1 2-MMC of table moves Ma Er transition probability tables

	W	H	S	L
					HW	0.1	0.8	0.1	0
HS	0	0.8	0.13	0.07
					HL	0	0.9	0.04	0.06
WH	0.71	0.24	0.03	0.02
					WS	0.26	0.59	0.11	0.04
WL	0.32	0.68	0	0

Step 5：State transition probability matrix in the step 4 searches n-MMC state transition probability matrixs pair The next position of mobile subscriber is predicted, and determines the next position of mobile subscriber.

According to the mobile Markov model of structure, in order to predict next position, from n-MMC state transition probability matrixs In, be expert at the successively corresponding current state of middle lookup and previous state, are searched corresponding with having been found in row in row Row in maximum probability next position of the row object as mobile object, while update n-MMC state transition probability matrixs In corresponding row and column.

It is noted that above-described embodiment is general to the illustrative and not limiting of technical solution of the present invention, technical field The equivalent substitution of logical technical staff or the other modifications made according to the prior art, as long as not exceeding technical solution of the present invention Thinking and scope, should be included within interest field of the presently claimed invention.

Claims

1. the Forecasting Methodology based on mobile Markov model under a kind of space-time big data, it is characterised in that include the following steps：

Step 1：Denoising is carried out to the historical position data of collection；Denoising, filter are carried out to the historical position data collected Except interference data, dynamic mobile track is filtered out, retains static motion track；

Step 2：Clustering processing is carried out to the data of denoising；The static motion track obtained after denoising in the step 1 is led to Cross joint density clustering algorithm the clustering processing based on joint density is carried out to static motion track and obtain clustering cluster；

Step 3：Point of interest is established for clustering cluster；For the clustering cluster obtained in the step 2, extract mobile subscriber's Behavioural characteristic, so as to establish the point of interest of user；

Step 4：Denoising is carried out to point of interest；Point of interest in the step 3 is calculated, calculates each interest Radius, interval time and the density of point, while the motion track of each denoising to being included in point of interest clusters again Processing, further filters out the noise data in point of interest, retains real point of interest；

Step 5：Establish mobile Markov model；Shape is established for each really point of interest obtained in the step 4 State transition probability and state transition probability matrix；

Step 6：Predict the next position；After mobile user data is collected, handled through above-mentioned steps one~tetra-, extraction movement The point of interest of user, realizes according to the mobile Markov model established in the step 5 and mobile subscriber's the next position is carried out Prediction.

2. the Forecasting Methodology based on mobile hidden Markov model under a kind of space-time big data according to claim 1, its It is characterized in that, the method for denoising is in the step 1：Retain static motion track, i.e., the speed of static motion track first Spend speed<δ, δ are a pre-defined constant；As the speed speed of motion track>δ, is dynamic mobile track, so that Delete all dynamic mobile tracks.
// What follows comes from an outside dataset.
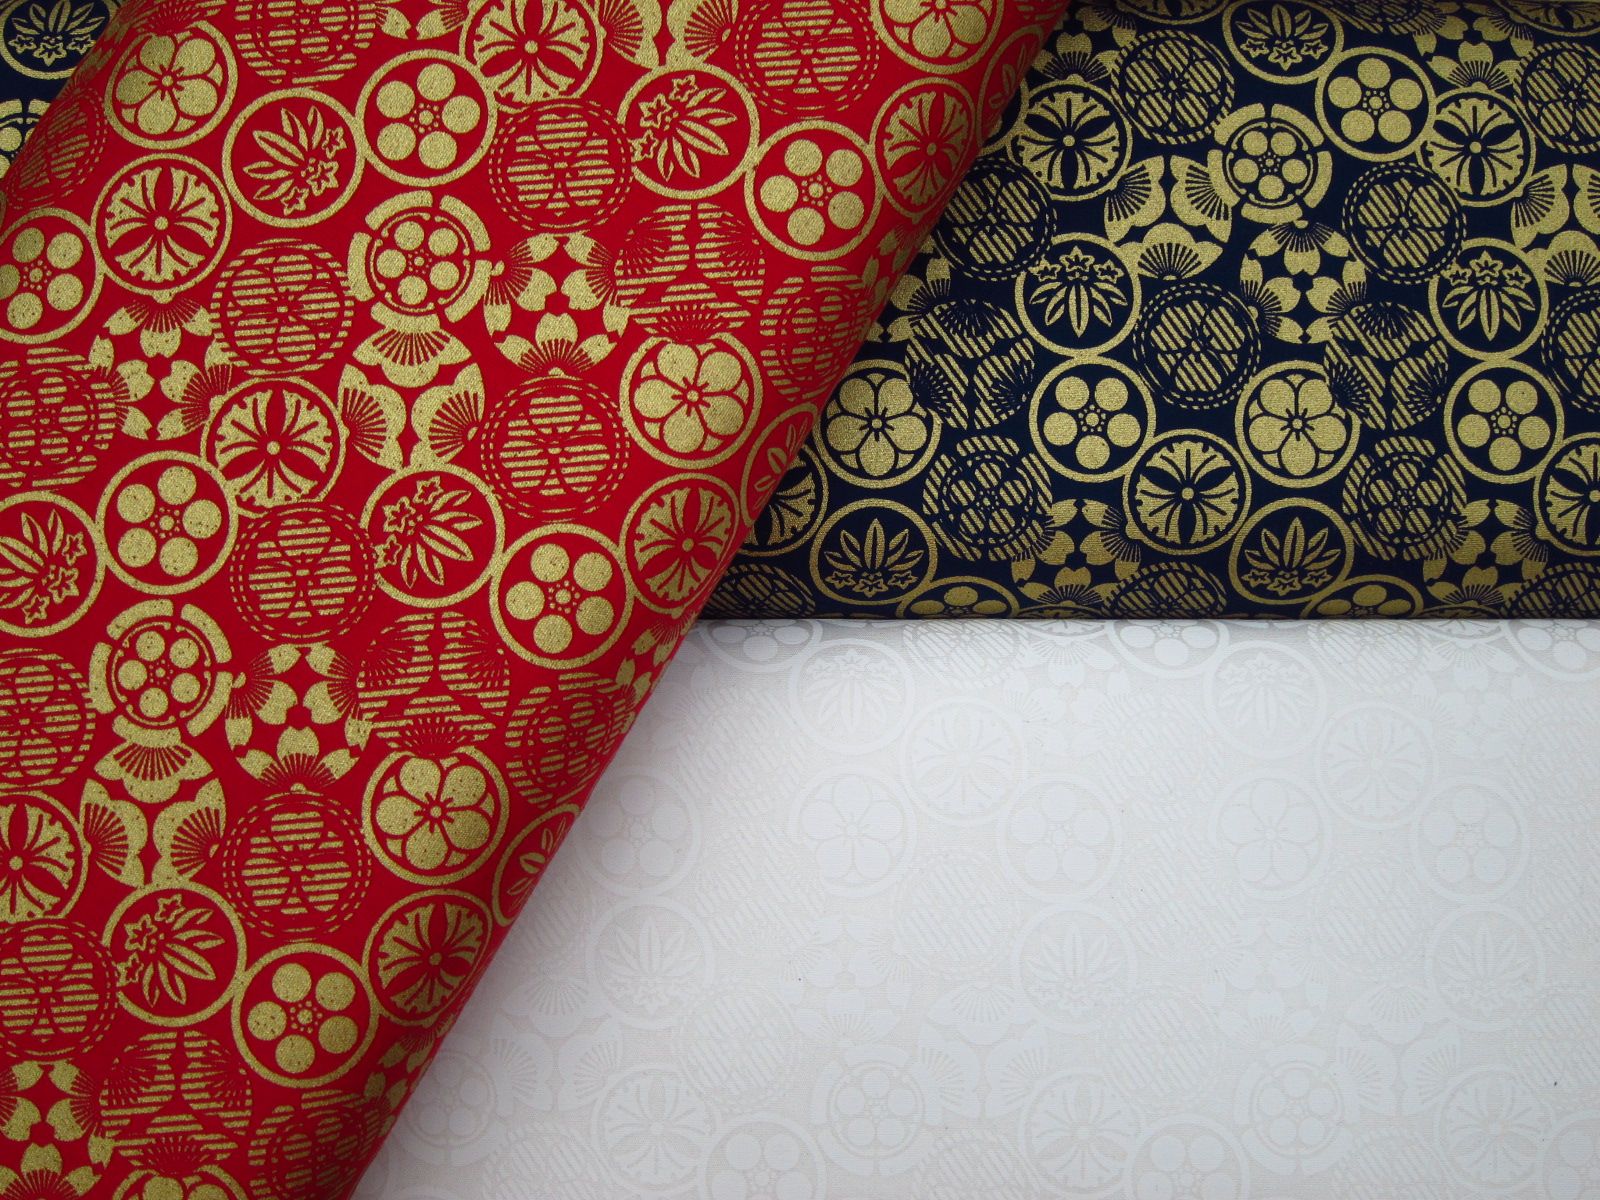 台灣製平織綿布-金蔥日本家徽-紅底、深藍底、白底-100%純綿、台灣製造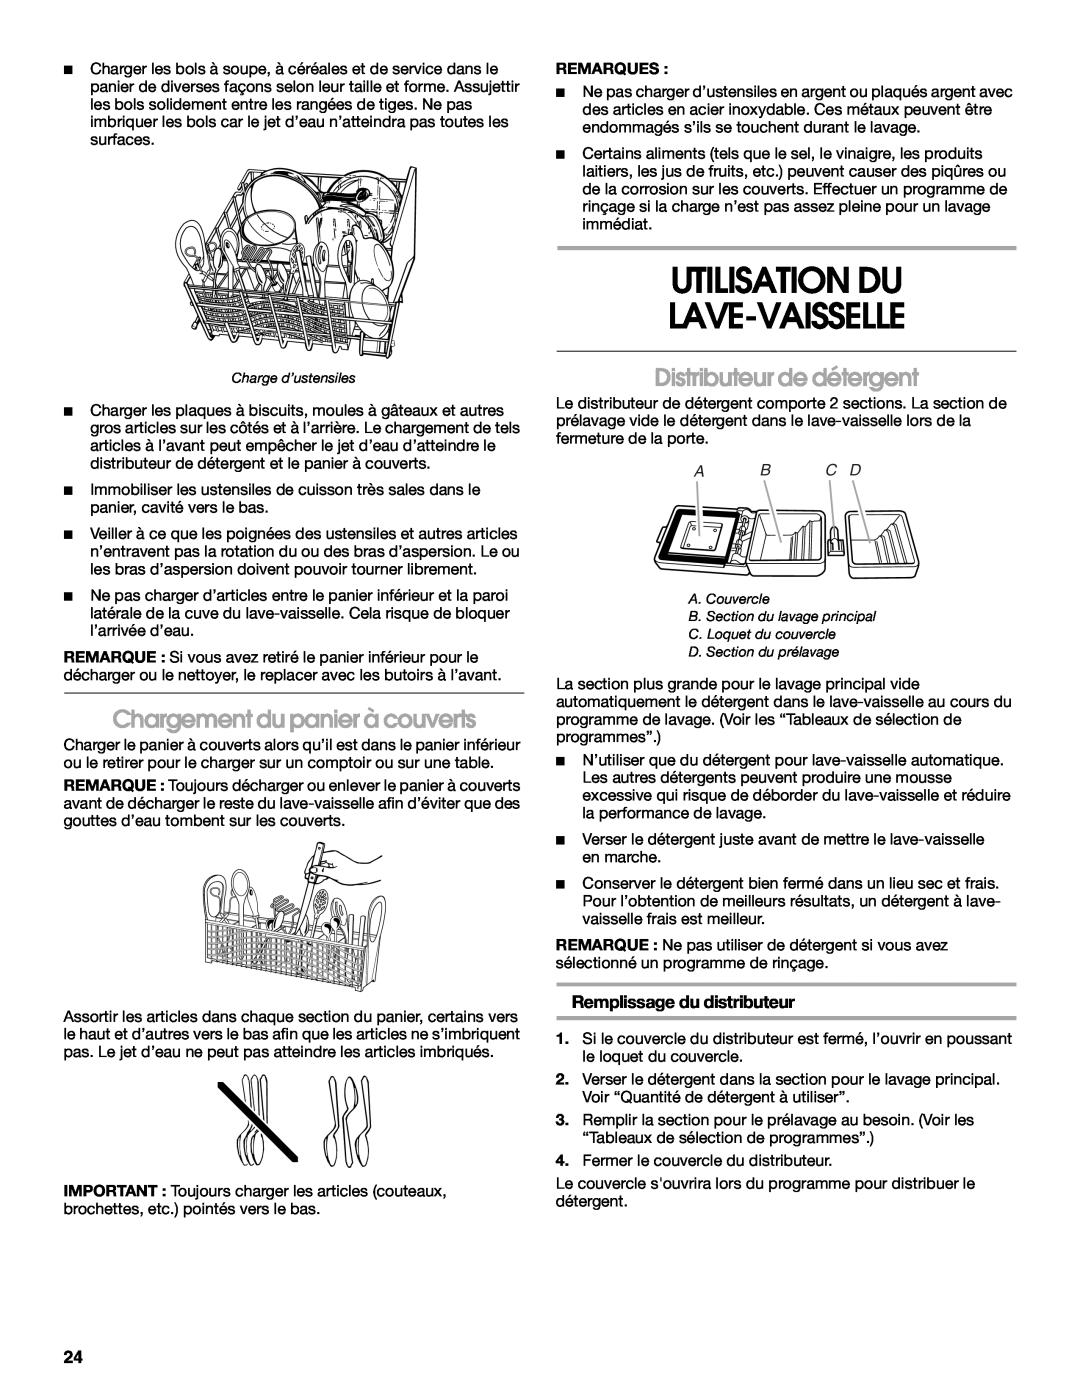 Whirlpool TUD6900 Utilisation Du Lave-Vaisselle, Chargement du panier à couverts, Distributeur de détergent, Remarques

3. the Forecasting Methodology based on mobile hidden Markov model under a kind of space-time big data according to claim 1, its It is characterized in that, clustering cluster in the step 2 is closed and carries out class cluster merging, and the method that the class cluster merges is：Clustering cluster C₁= {c₁,c₃,c₇,c₉And clustering cluster C₂={ c₉,c₁₁,c₁₂, then the two clustering clusters merge into a clustering cluster：C₁∪C₂={ c₁, c₃,c₇,c₉,c₁₁,c₁₂}。